Irracionalidad

Resulta difícil comentar situaciones y hechos de los que tenemos conocimiento por los medios de comunicación, en cualquier parte del mundo, hechos que parecen repetirse una y otra vez de forma cíclica, casi estacional; sucesos que provocan alteraciones de la vida social, declaraciones malsonantes y repetidos actos de violencia provenientes de una irracionalidad demasiado familiar para considerarla excepcional. Brutalidad como respuesta a la misma brutalidad que se censura, a la que sumar gritos y amenazas por parte de quien poco o nada tiene que decir, no por su supuesta o merecida importancia, sino por la insignificancia de unas voces necesitadas de la sinrazón con tal de hacerse oír, lo que significa su inmediato ninguneo, desde el mismo momento en que tales situaciones son incluidas en la noria de una información continua que más bien parece desinformación. De hecho, llega un punto en el que cualquier respuesta a un acto o comportamiento denunciable es preferible que aparezca acompañada por las correspondientes dosis de violencia, mejor si precisan de advertencias infantiles dirigidas a un público informativamente infantil; violencia generalmente interesada o visiblemente desorientada y egoísta que gusta aprovecharse de cualquier situación proclive a un desorden y confusión que, en última instancia, poco o nada tienen que ver con los problemas reales, los de la gente, los que se desarrollan y repiten al margen de esa otra realidad que venden y fomentan los medios de comunicación; se trata del penúltimo pico informativo que salpicará la aburrida normalidad que consumimos, esa que nos lleva de la mano por el borde de la irrelevancia.

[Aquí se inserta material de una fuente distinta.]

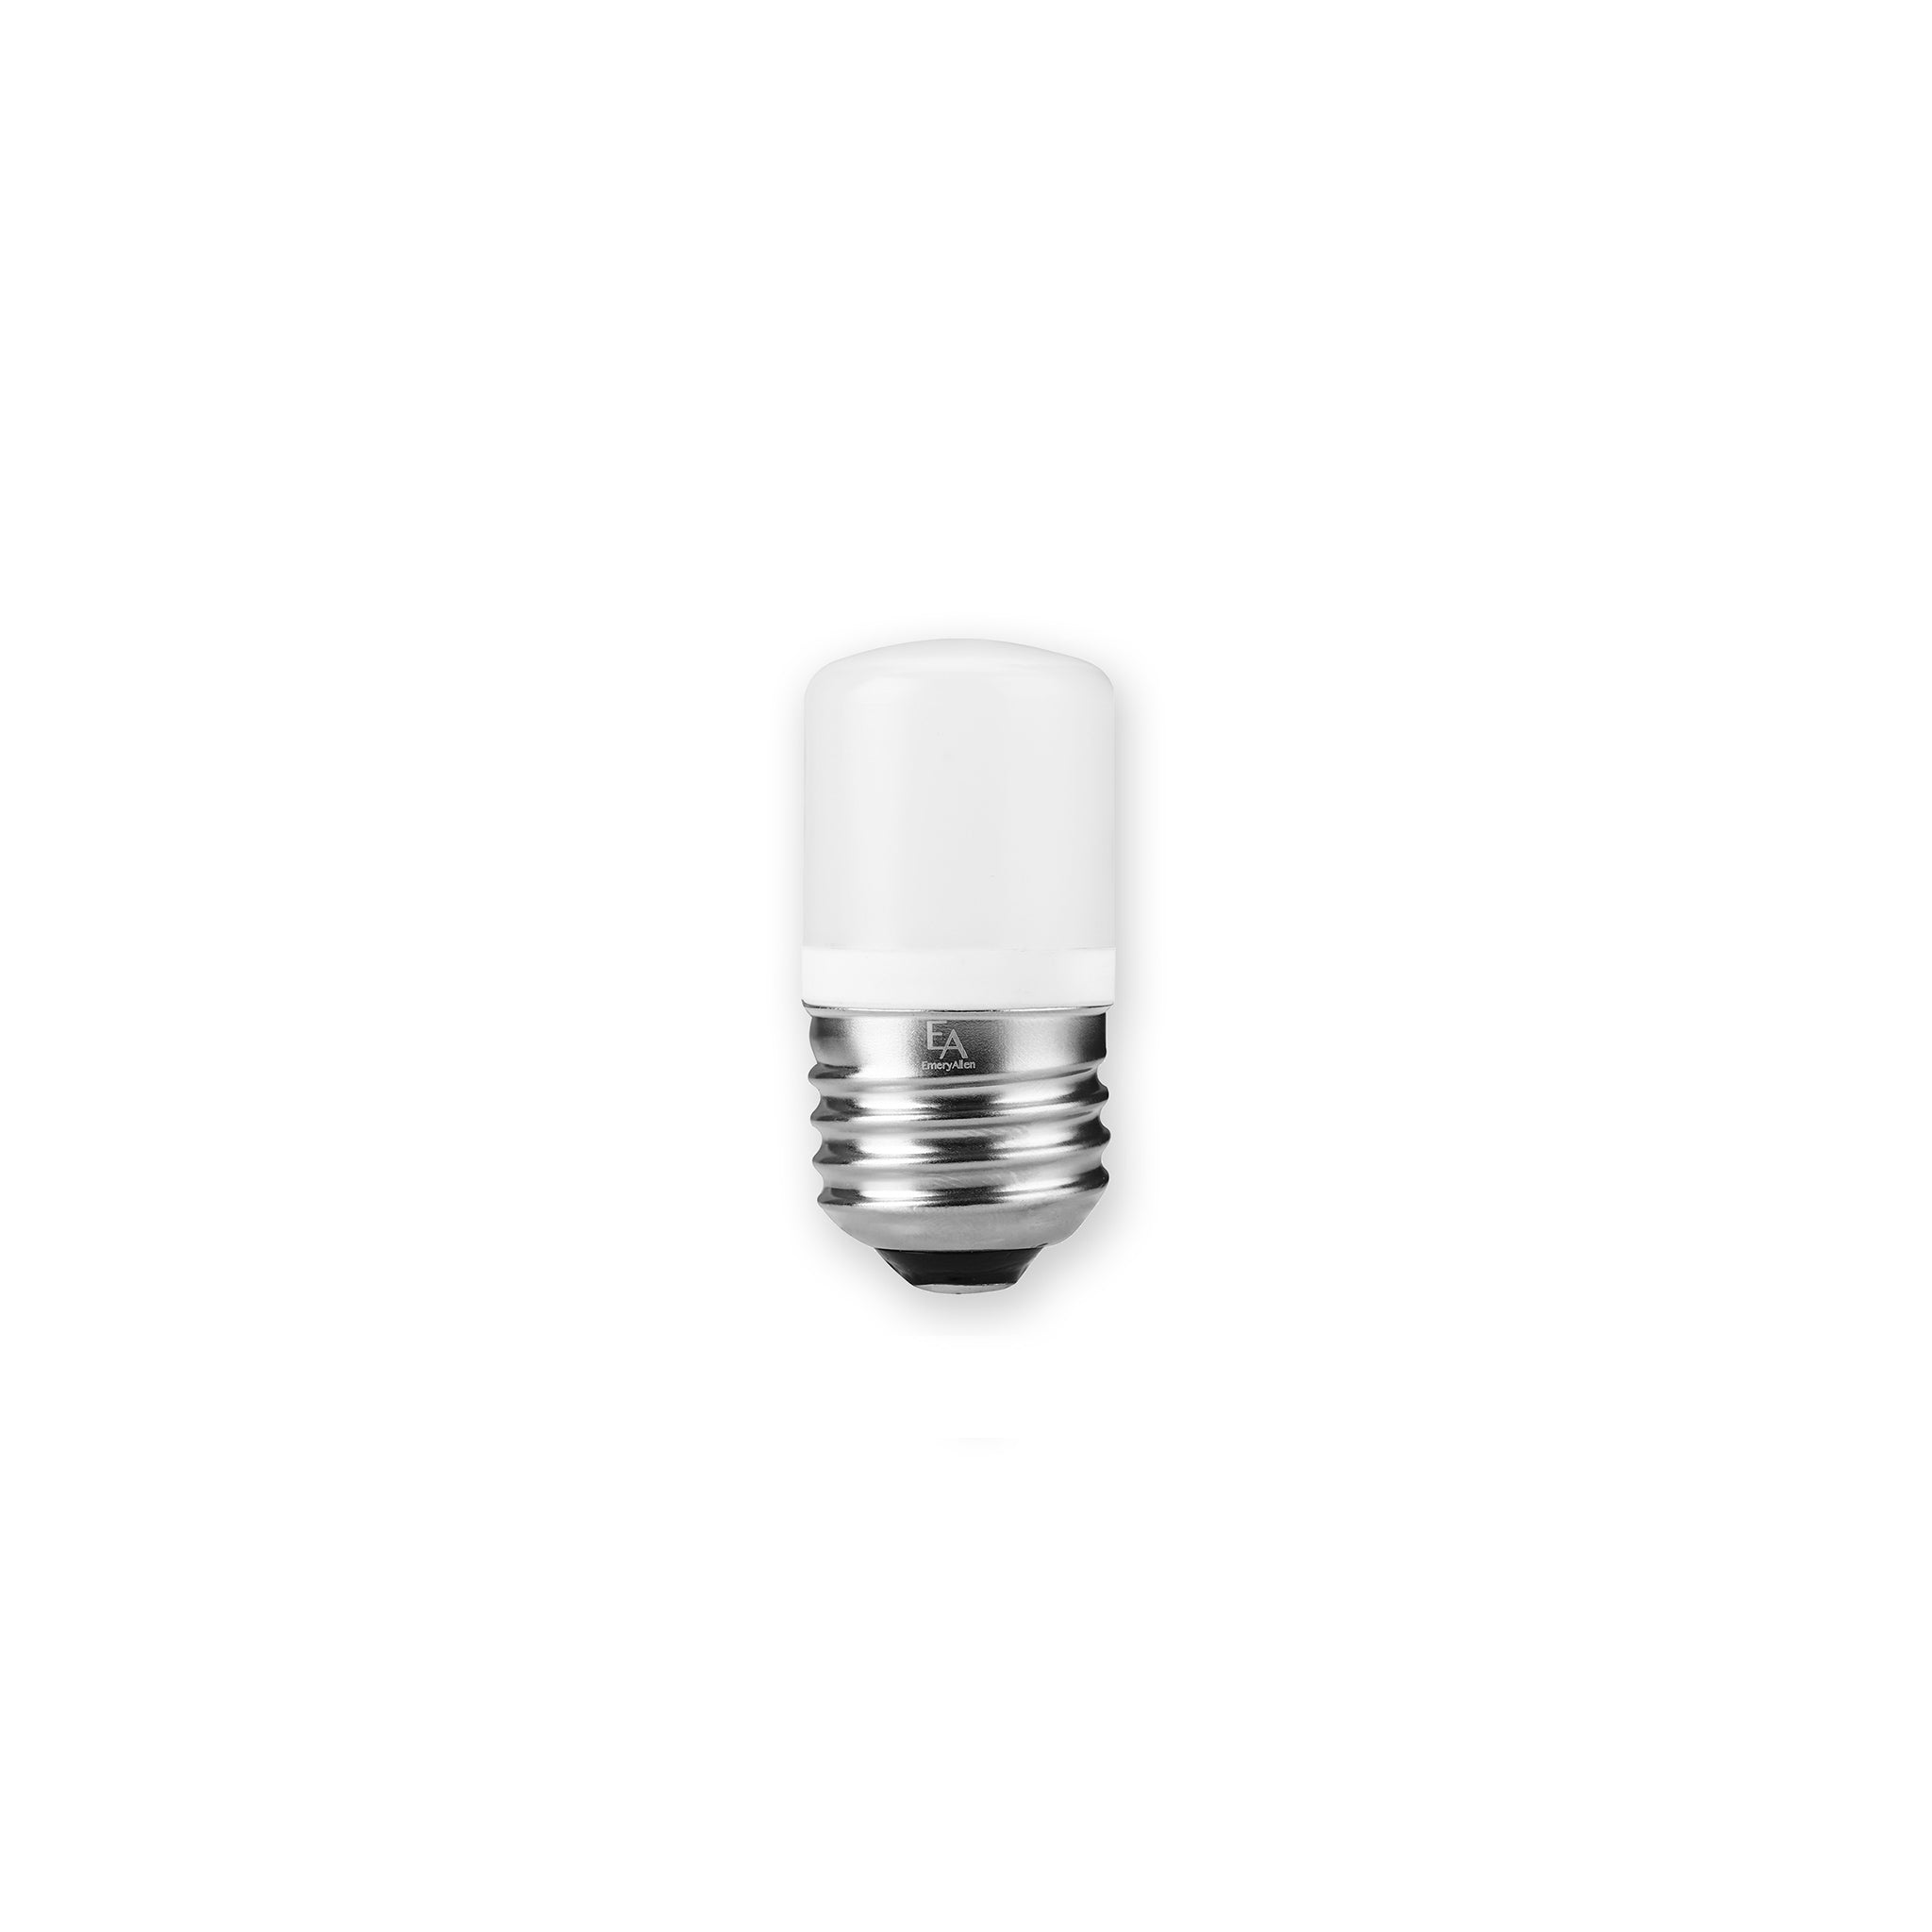 Emery Allen E26 9.5W LED Light Bulb by Cedar & Moss
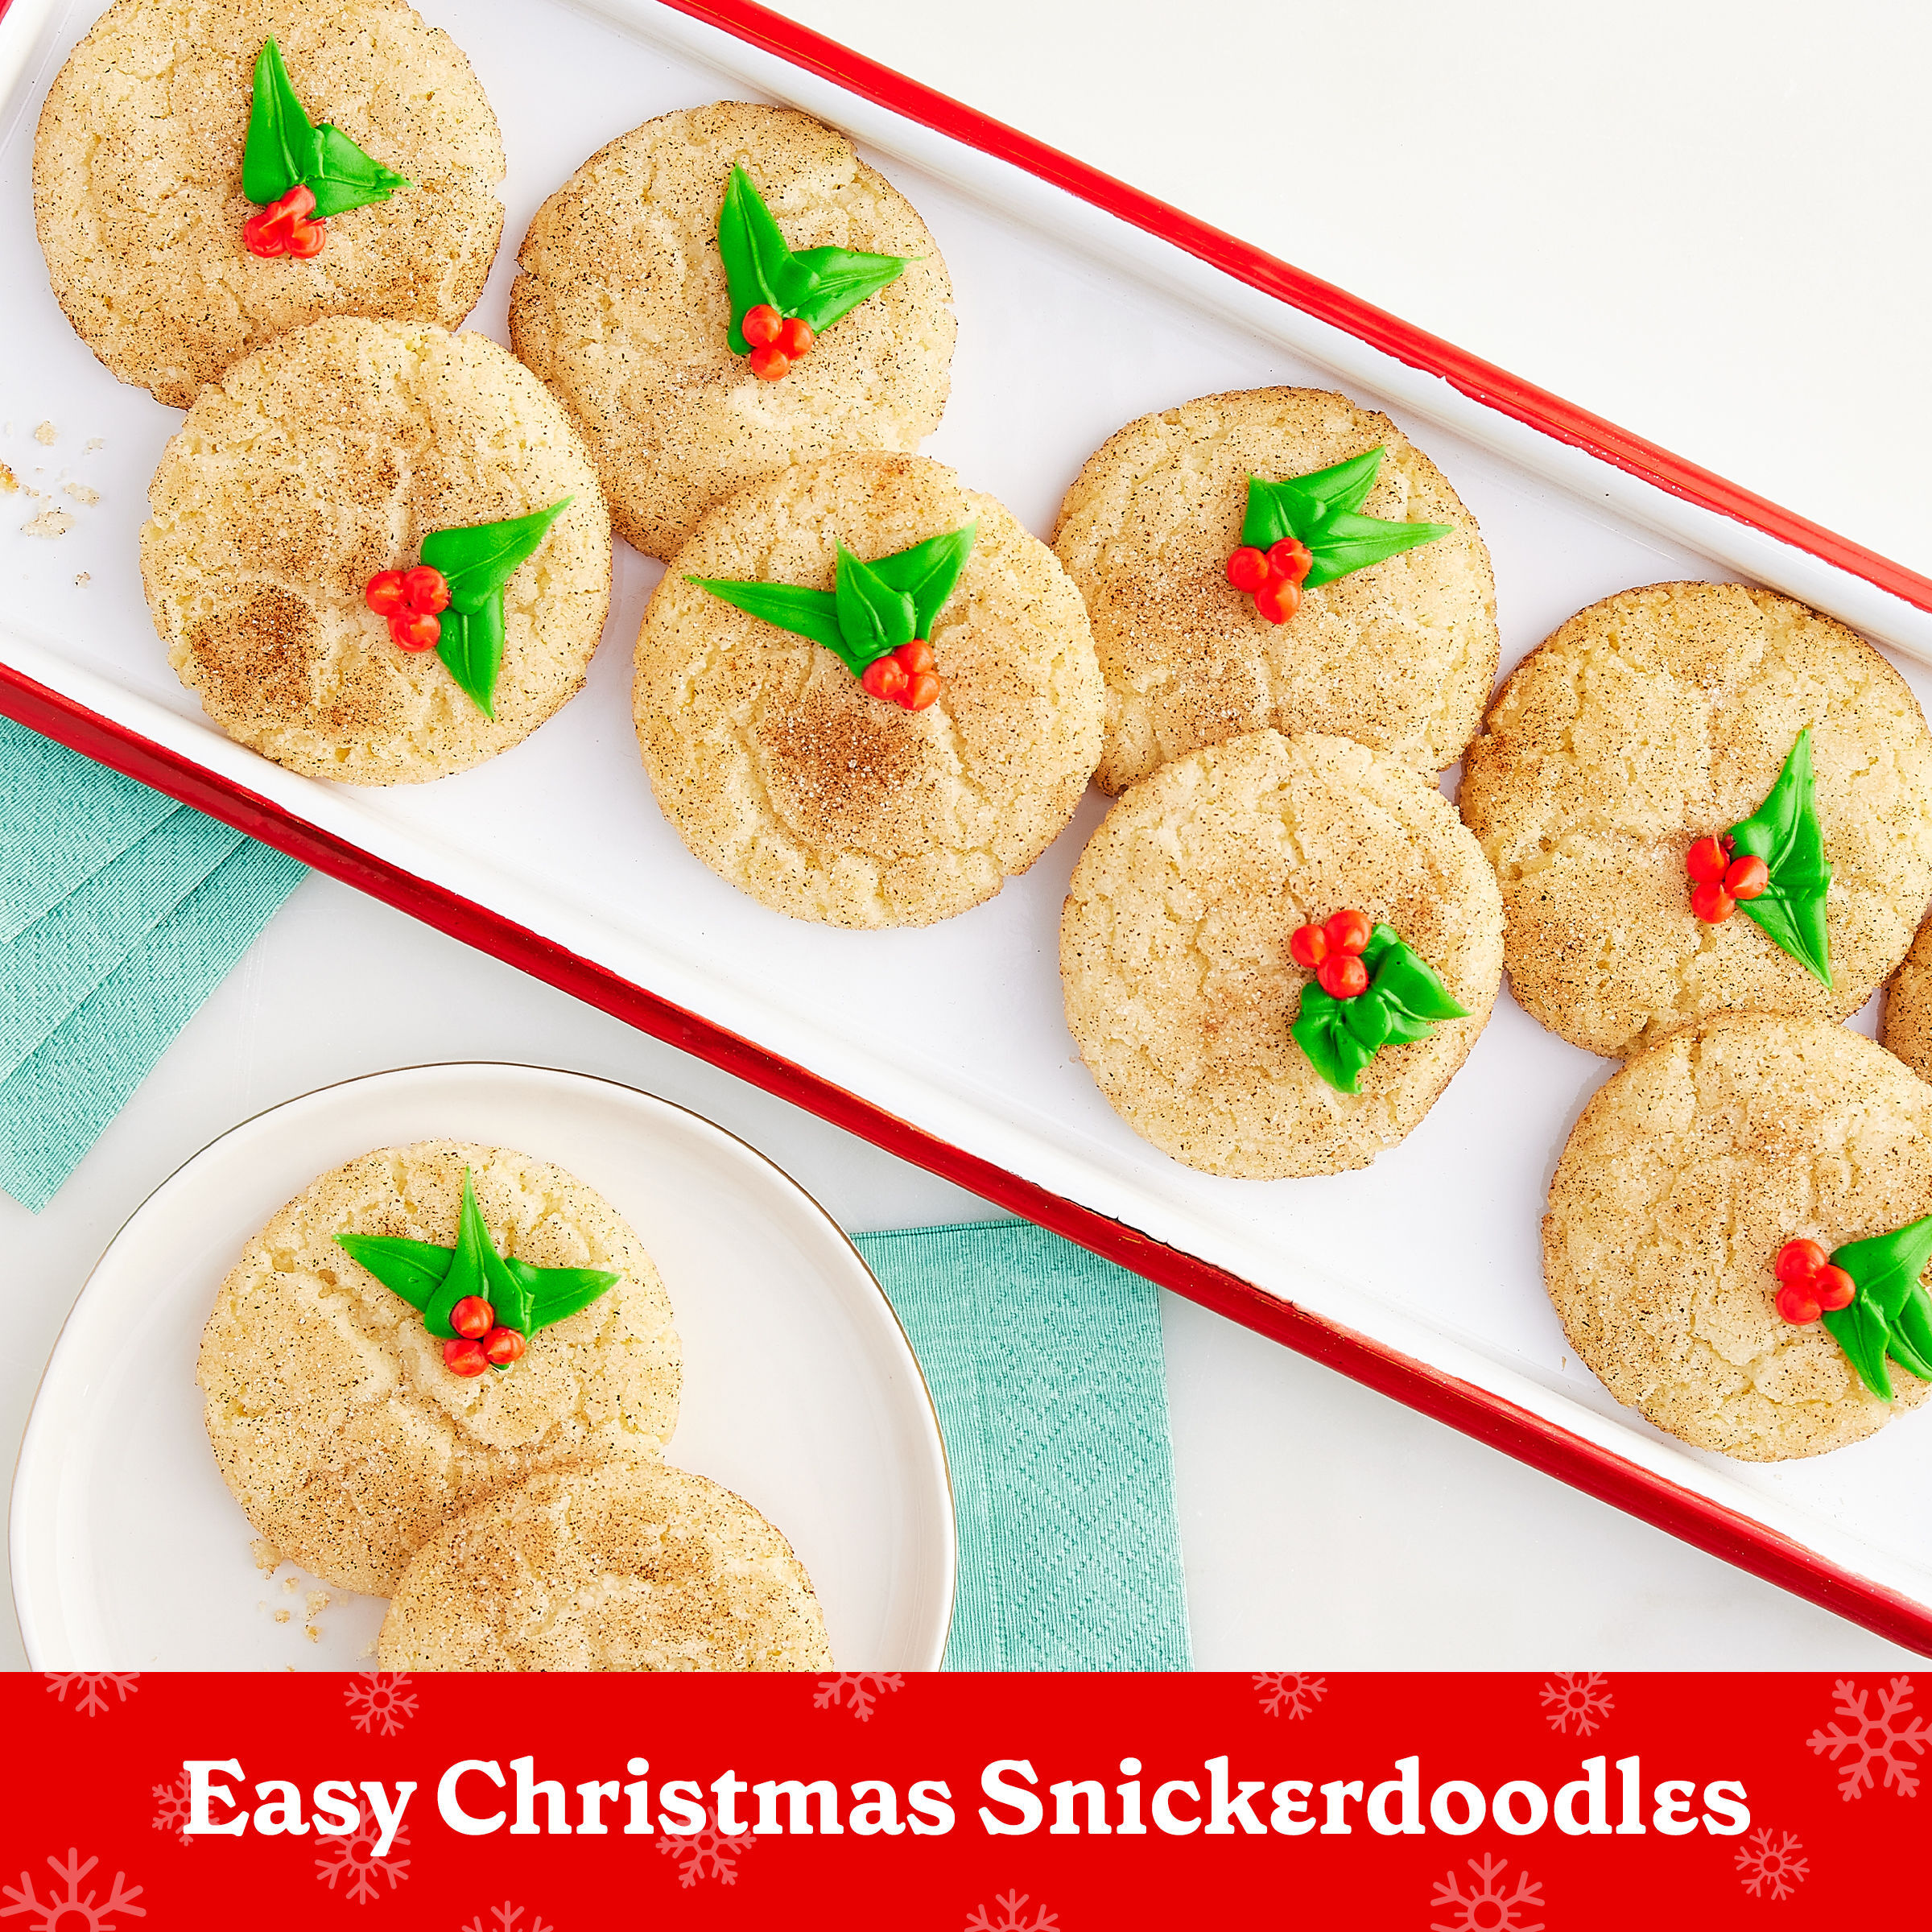 Betty Crocker Sugar Cookies, Cookie Baking Mix, 17.5 oz - image 7 of 10

Tampoco mejora que centre mi comentario en un hecho concreto, el último, pero, cuál es el último para unos medios de comunicación y redes sociales que viven de unas urgencias que no son tales, instalados e instalándonos en una premura que nada tiene que ver con la vida de la gente, esa cotidianidad que, al margen de focos y cámaras, una gran mayoría sufre deseosa de mostrar al mundo coloreada por luces y sonrisas que momentáneamente enmascararán el fastidio y la vergüenza que barniza muchas de ellas. Luces que amplifican lo que no deja de ser una violenta vulgaridad, violenta no, cruel, y digo cruel porque resulta cruel la indiferencia con la que hemos asumido nuestra propia intrascendencia, crueldad que se hace más dolorosa si cabe cuando la vemos reflejada en esas “espontáneas” e irracionales reacciones públicas que muestran los medios y en las que reconocemos nuestra propia frustración. Cámaras y medios a los que les importan un pimiento el interés o problema del sujeto o sujetos que desgraciadamente acaban de ascender al escalafón de noticia, y mucho menos los de esos otros que, como si de una oportunidad única se tratara, se dedican a exhibir esa peculiar brutalidad en forma de vandalismo completamente gratuito, salvajismo que desconoce o directamente obvia el supuesto motivo que le lleva a situarse ante el objetivo. Otro ingenuo sin razón, razón que desaparece en el mismo momento en el que decide mostrarse en una red de comunicaciones global que la engullirá y empequeñecerá al instante, más entretenimiento que realidad. ¿Sucedió o se trataba de una repetición?